Part [2] Depends on independently testing biological mechanisms.This second step generally consists of two hurdles:
- If the same researchers perform (1) genetic stats and (2) functional work, there is a bias that is difficult to avoid when trying to functionally validate statistically positive results.
- If the statistical genetic associations happen to contain a false positive for something like severe rare immune disease, the sensitive functional models may detect a damaging response. One might find a truly damaging biological mechanism, but if the statistical genetic association is not correct then this biological mechanism should not be deemed causal; back-tracking at this stage would be very difficult due to self-imposed bias.
Ideally, in the future we hope to see a separation of the two steps (stat genetics and wet-lab) such that each are performed independently. The wet-lab would also ideally focus their routines on a particular protein pathway/system with SOPs that improve accuracy and precision (e.g. clinical diagnostics labs, clinical trials) rather than setting up models for each new study.
Returning to our historical review, we have been producing our protocols similarly in parallel.
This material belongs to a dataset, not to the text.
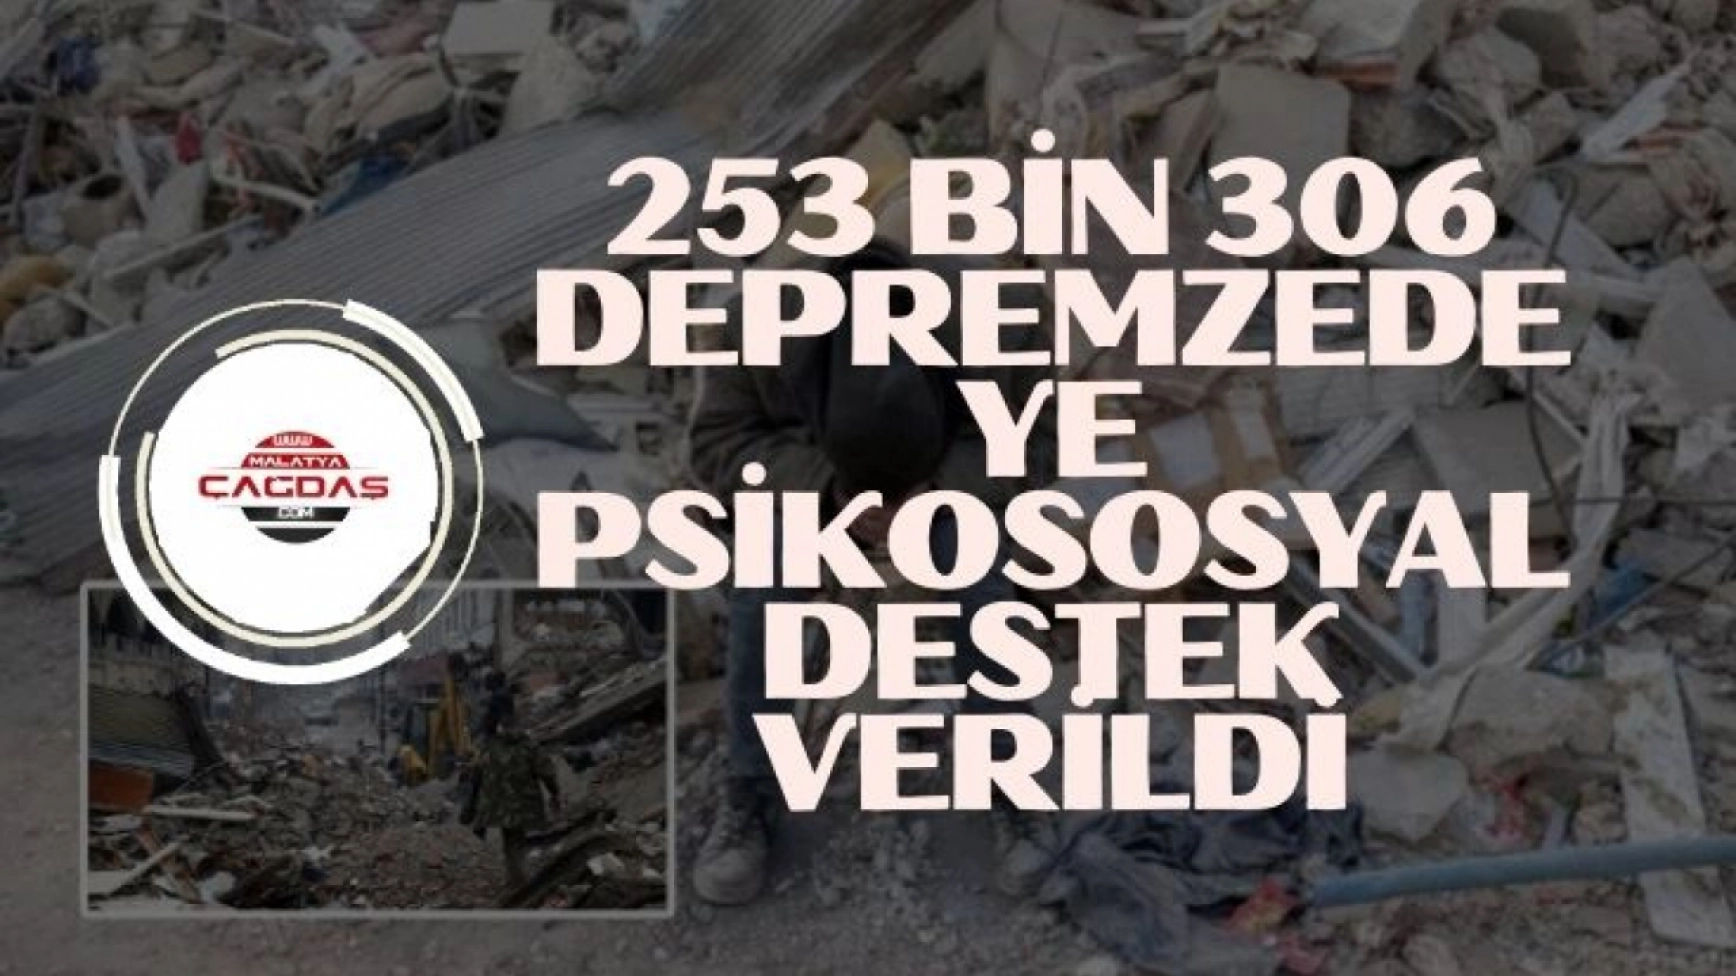 253 bin 306 depremzedeye psikososyal destek verildi

With patient cohorts of comparable sizes and phenotypes we will soon have a complementary validation of protocols. However, great care is also being taken to test and select the most reliable statistical methods for association testing - an improvement to the fine work by (Zhang et al., 2021).
Best practices in candidate variant selection protocols are basically standardised as of 2021, so the main remaining task is standardisation of the protein-pathway annotation and association testing methods - steps which we will soon be ready to publish after peer-review.